Just look at it. This has to be one of the sexiest cars on the road - regardless of price.
Another beguilingly beautiful new Alfa Romeo, sparkling in the hot Italian summer sun...
Pretty thing, isn't it? Pininfarina style, handsomely stitched soft leather upholstery, enticing black-and-aluminium cabin, doubly welcoming because the new Spider has no roof and that drop top welcomes you inside like an open door invites you into a grand home.
What's under the bonnet?
V6 or twin-cam four - you choose but we started with the bigger engine. Push the starter button and that creamy smooth V6 snarls into action. The clutch is sweet, the steering fluid and linear, but the gearchange, although short in throw is slightly vague. All V6 versions of the Spider get four-wheel drive.
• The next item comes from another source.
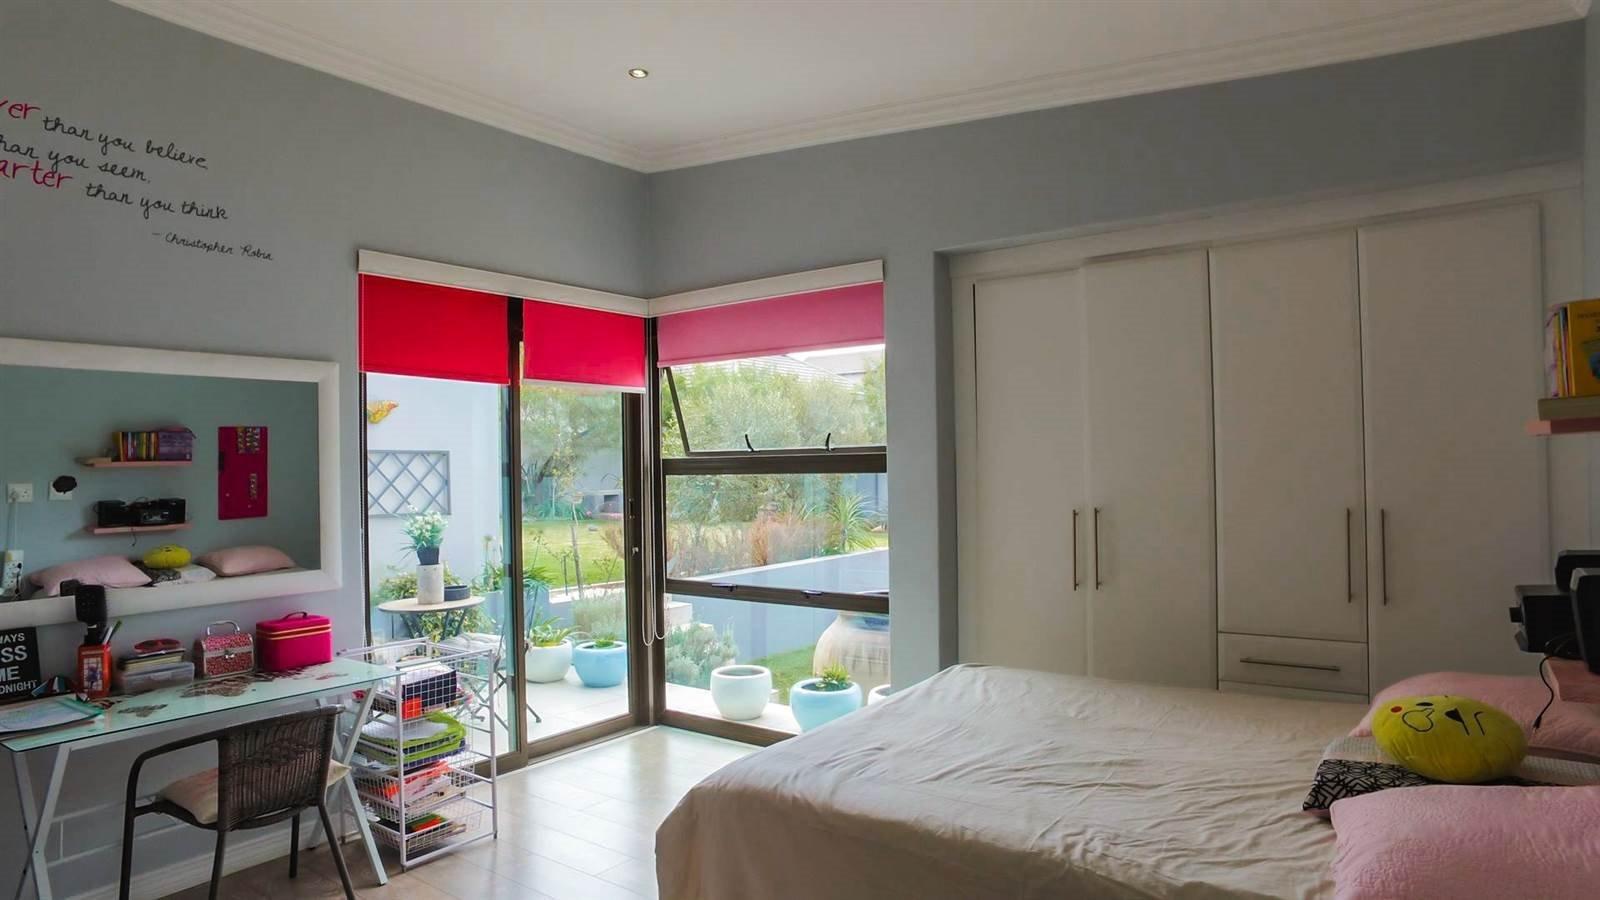 Midstream Hill Estate property for sale. Ref No: 13326880. Picture no 10

The other engine option, the 2.2 four, is less torquey, so front-drive suffices to parcel out the power. The 3.2 V6 is the new General Motors-collaboration unit, built in Australia (how much further from Italy can you get?) but it’s zestful and elastic just like the old Alfa V6 that serenaded a generation of GTV buyers, although less tuneful. It zings around to the 7000rpm electronic rat-a-tat-tat cut off.
Performance is good but not special. The Spider is based on the handsome Brera coupe - in fact it’s a Brera convertible in all but name. And like the Brera, this is more tourer than tearaway. On winding roads you soon discover that the handling is also secure and stable and safe. But it doesn't sing to you, scintillate you. This car just doesn't have the agility of a Boxster or even the latest Z4. The four-wheel drive, beefy weight (almost 1700kg) and nose heaviness all spoil the fun. It's 65kg more than the Brera too, and to compensate for the half-as-good rigidity, the ride quality has been softened. Handling suffers. It feels what it is: a sports car based on a saloon, the dynamically good but not great Alfa 159.
So it's fine if you're happier slowing down to admire the view?
As the road straightens, you revel in the flipside of the car's character. What's been lost in agility and speed is made up for in comfort and easy liveability. The Spider is a roomy, relaxing convertible. Easy to drive, easy to use. Electronically controlled fabric roof down, windows up, wind deflector in place, it's a pleasant place to spend time.
And which model is the best buy?
The 2.2-litre engine version is better dynamically than the V6, if not so muscular. It's lighter, more agile, and the engine has that lovely twin-cam rasp redolent of all great Alfa fours. And since the front wheels only have 185bhp to deal with, torque-steer is never an issue.
But wouldn't I be mad to buy any Alfa?
It's a familiar tale. While many of us in the UK admire Alfa's style and its BMW-alternative role, few of us spend money on them. It's why Alfa’s UK market share is a pathetic 0.2 percent. We don't trust the cars or, sadly, the dealers. But the quality of Alfas is improving, just as the character is being enhanced, and a big shake-up of the UK dealer network is imminent. Very soon, we Brits may once again buy Alfas instead of just loving them.
Gorgeous, sonorous, handsomely crafted by coachbuilders Pininfarina, and oozing character, verve and charm, the Spider is an easy car to like. Dynamically it falls slightly short of the competition, but it's lack of faith in the brand that will really prevent massive sales success.